◆ **Collected data**
....
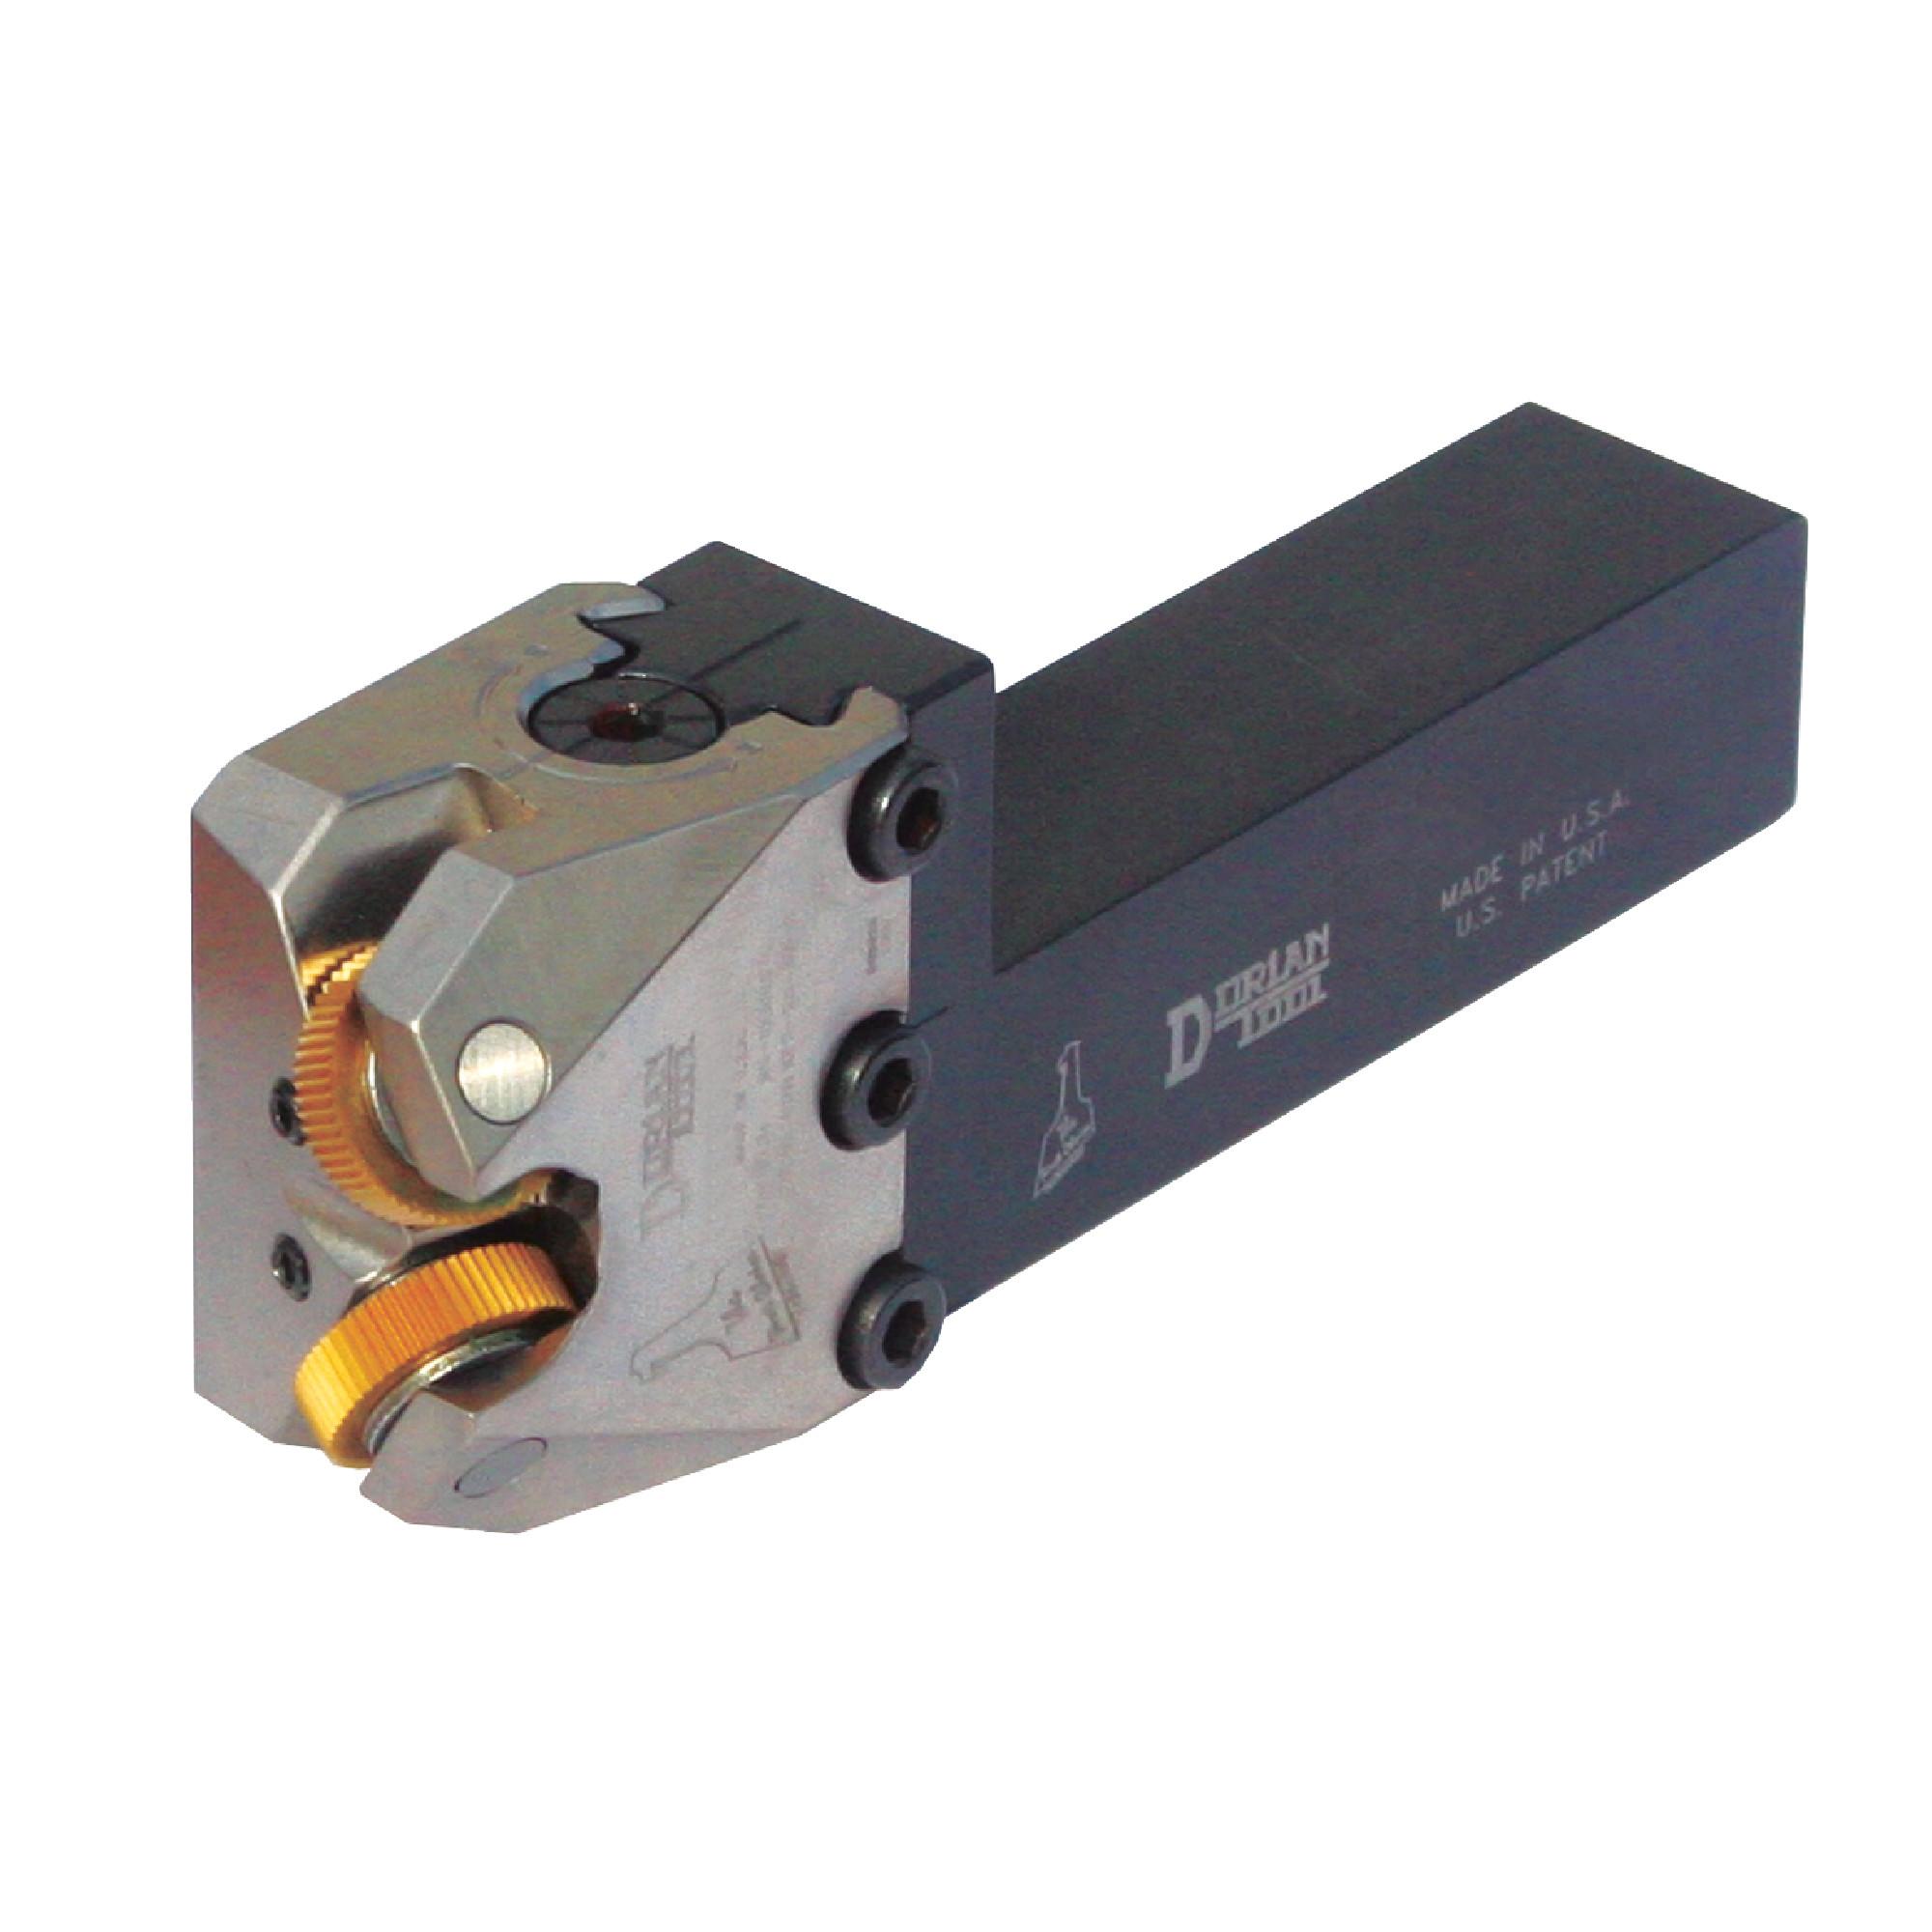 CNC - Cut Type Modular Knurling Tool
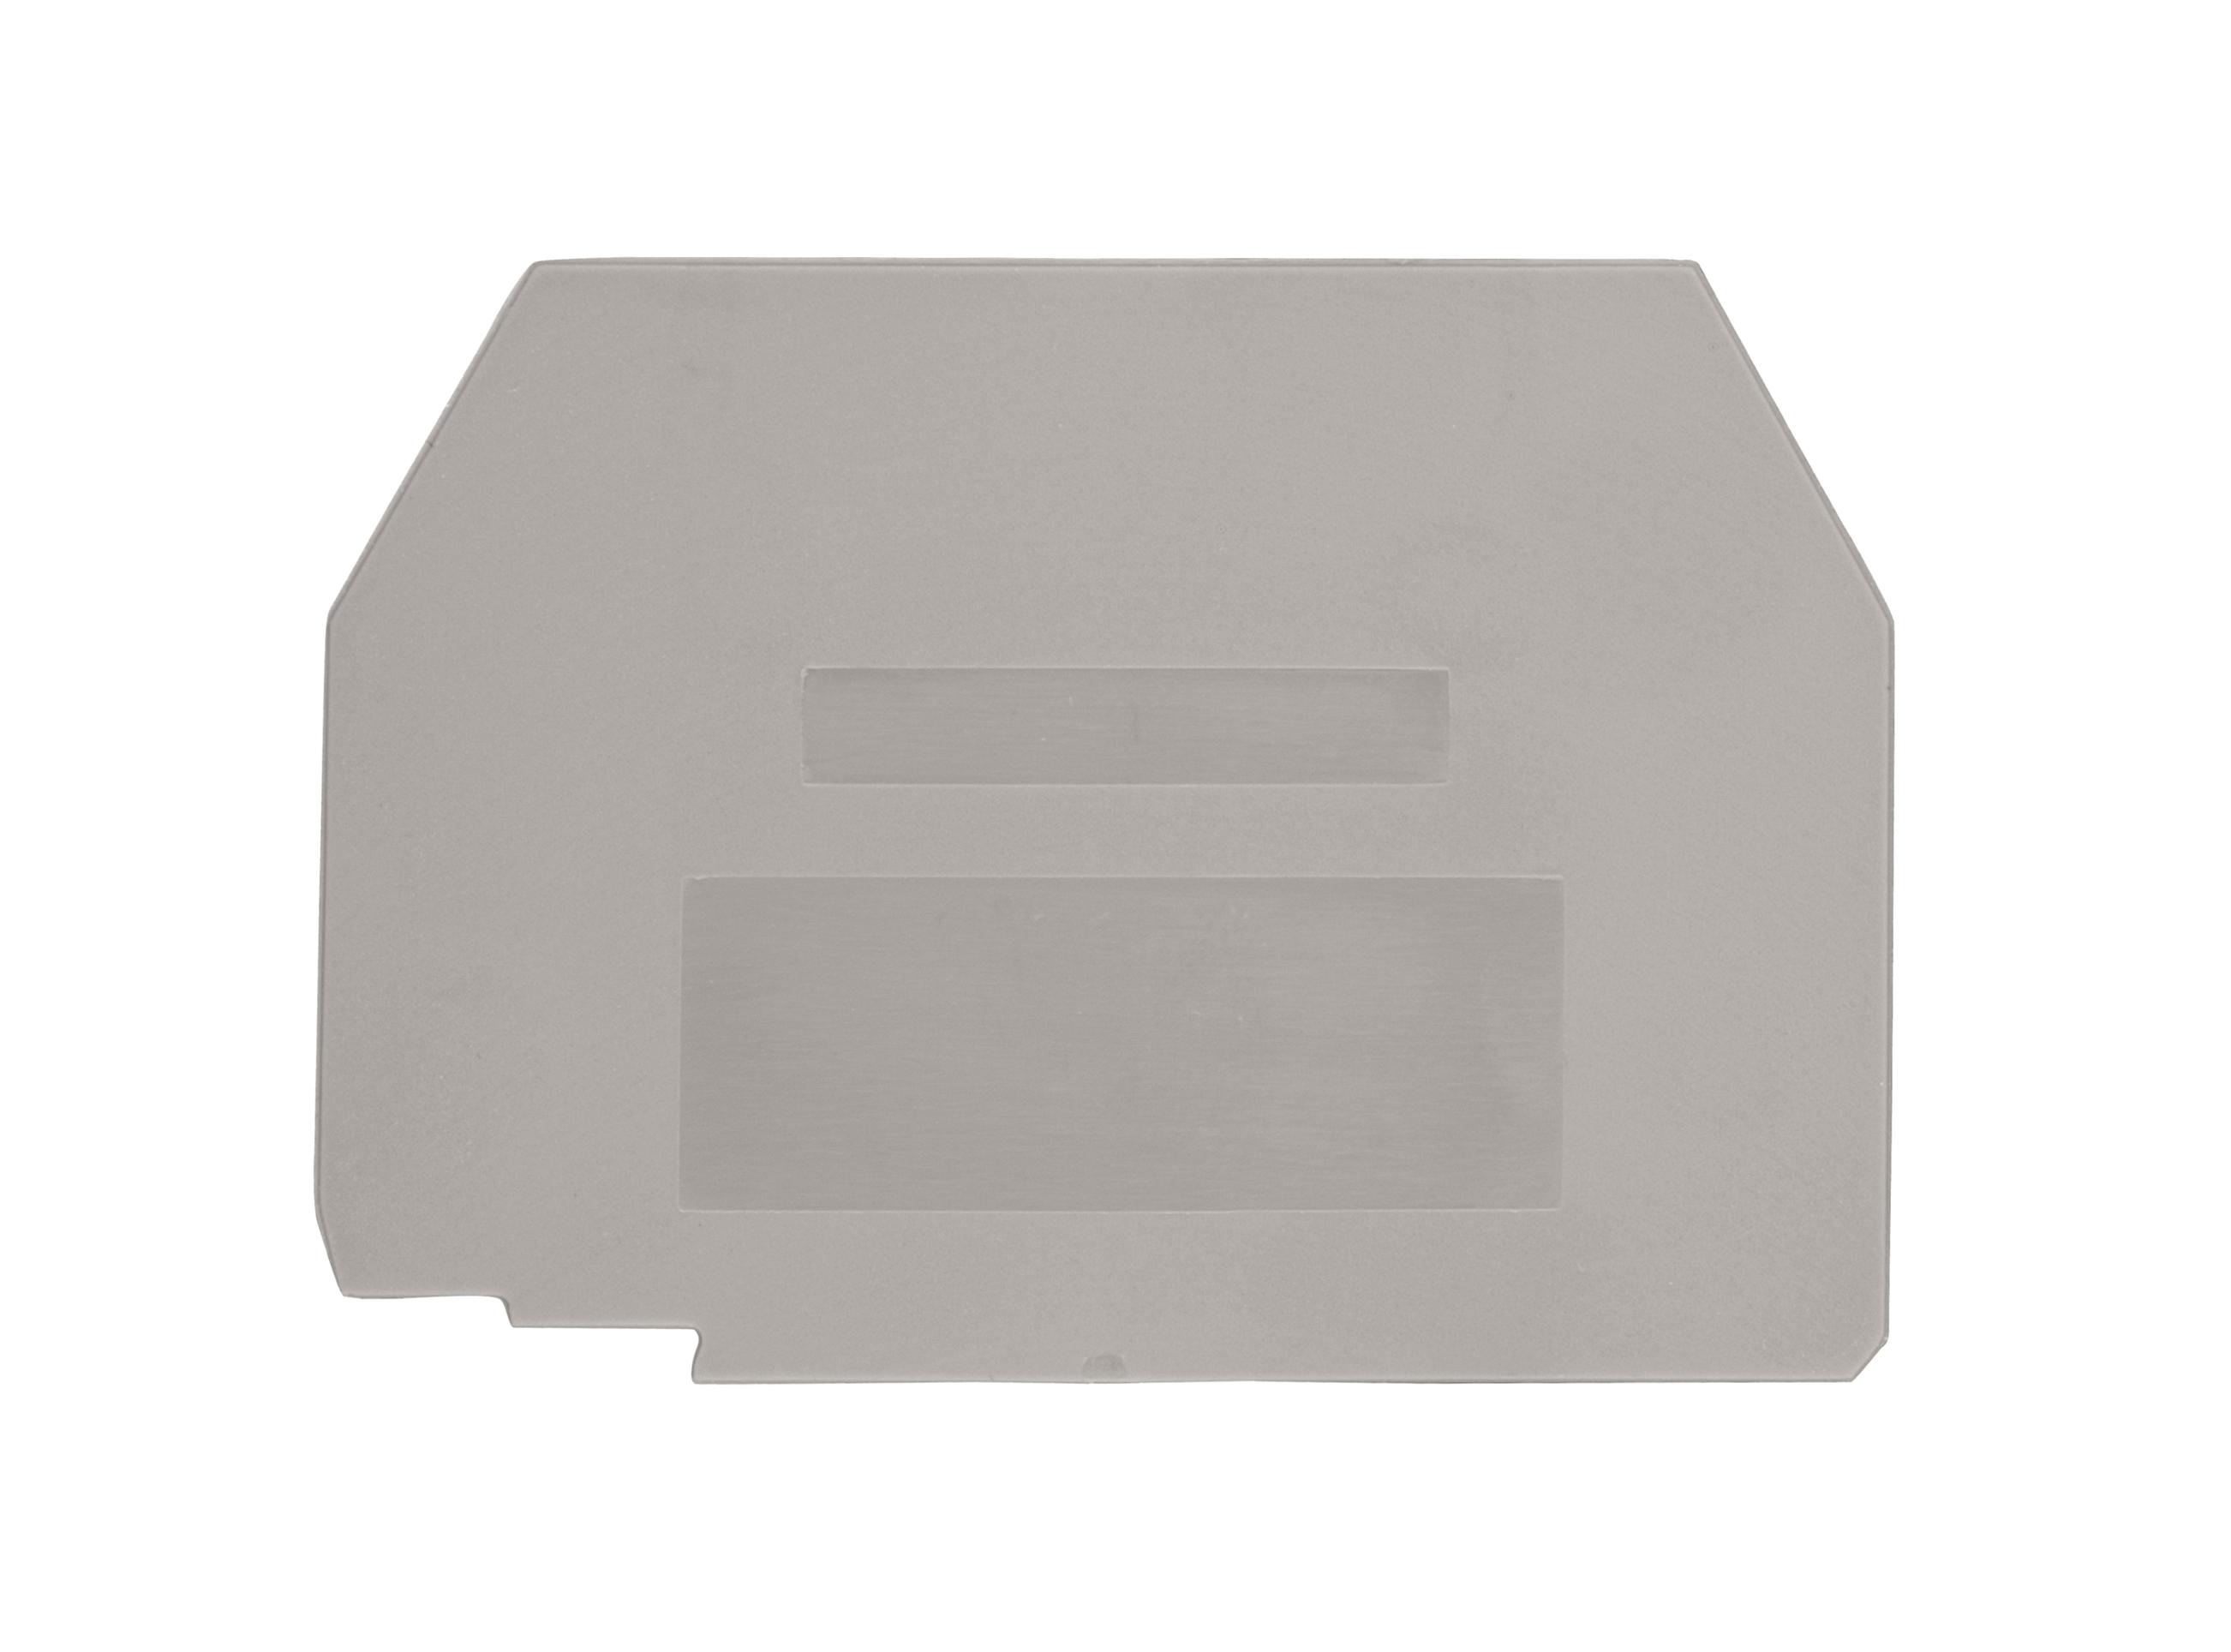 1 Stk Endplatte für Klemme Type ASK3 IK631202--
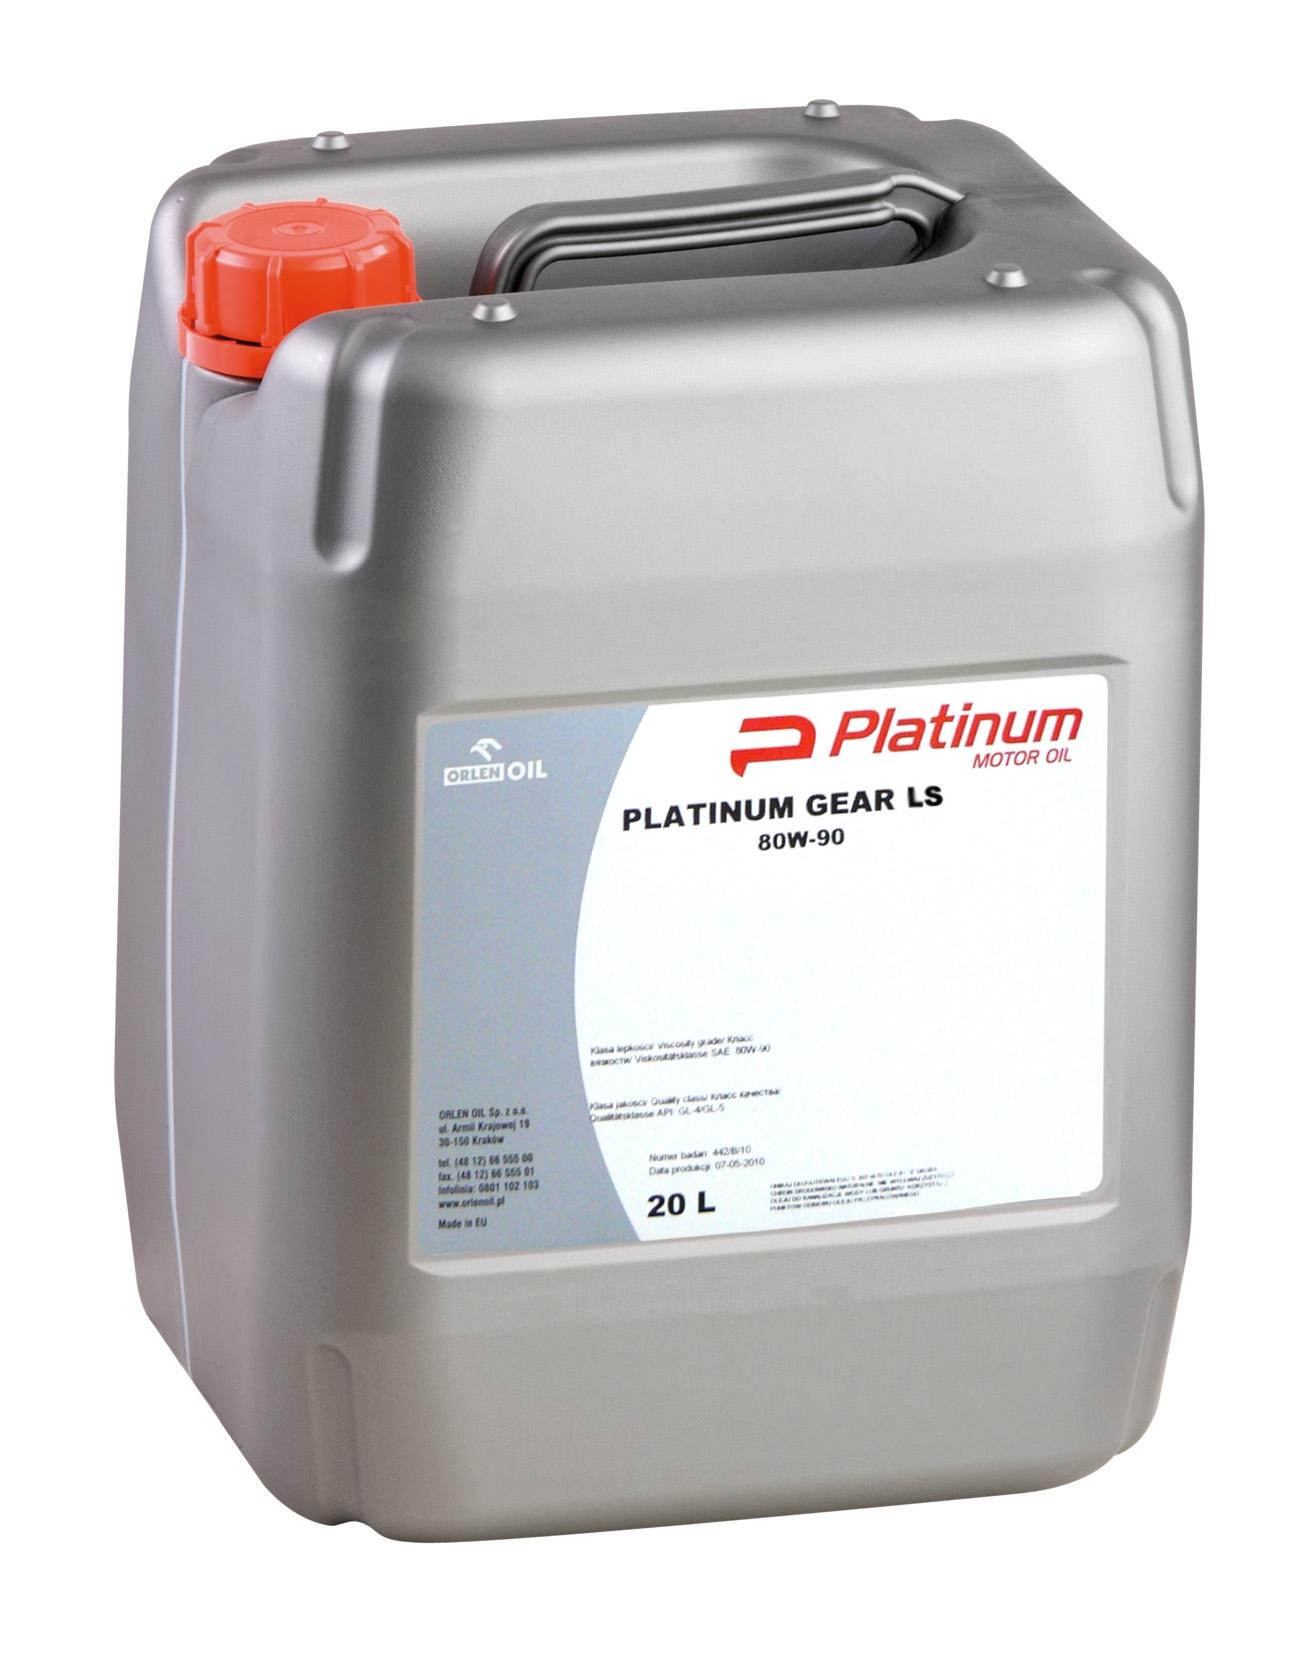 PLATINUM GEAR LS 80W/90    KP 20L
....
◆ **What to work on**
Could you restate the material word for word, skipping any pictures it holds?

◆ **Task output**
 CNC - Cut Type Modular Knurling Tool
 1 Stk Endplatte für Klemme Type ASK3 IK631202--
 PLATINUM GEAR LS 80W/90    KP 20L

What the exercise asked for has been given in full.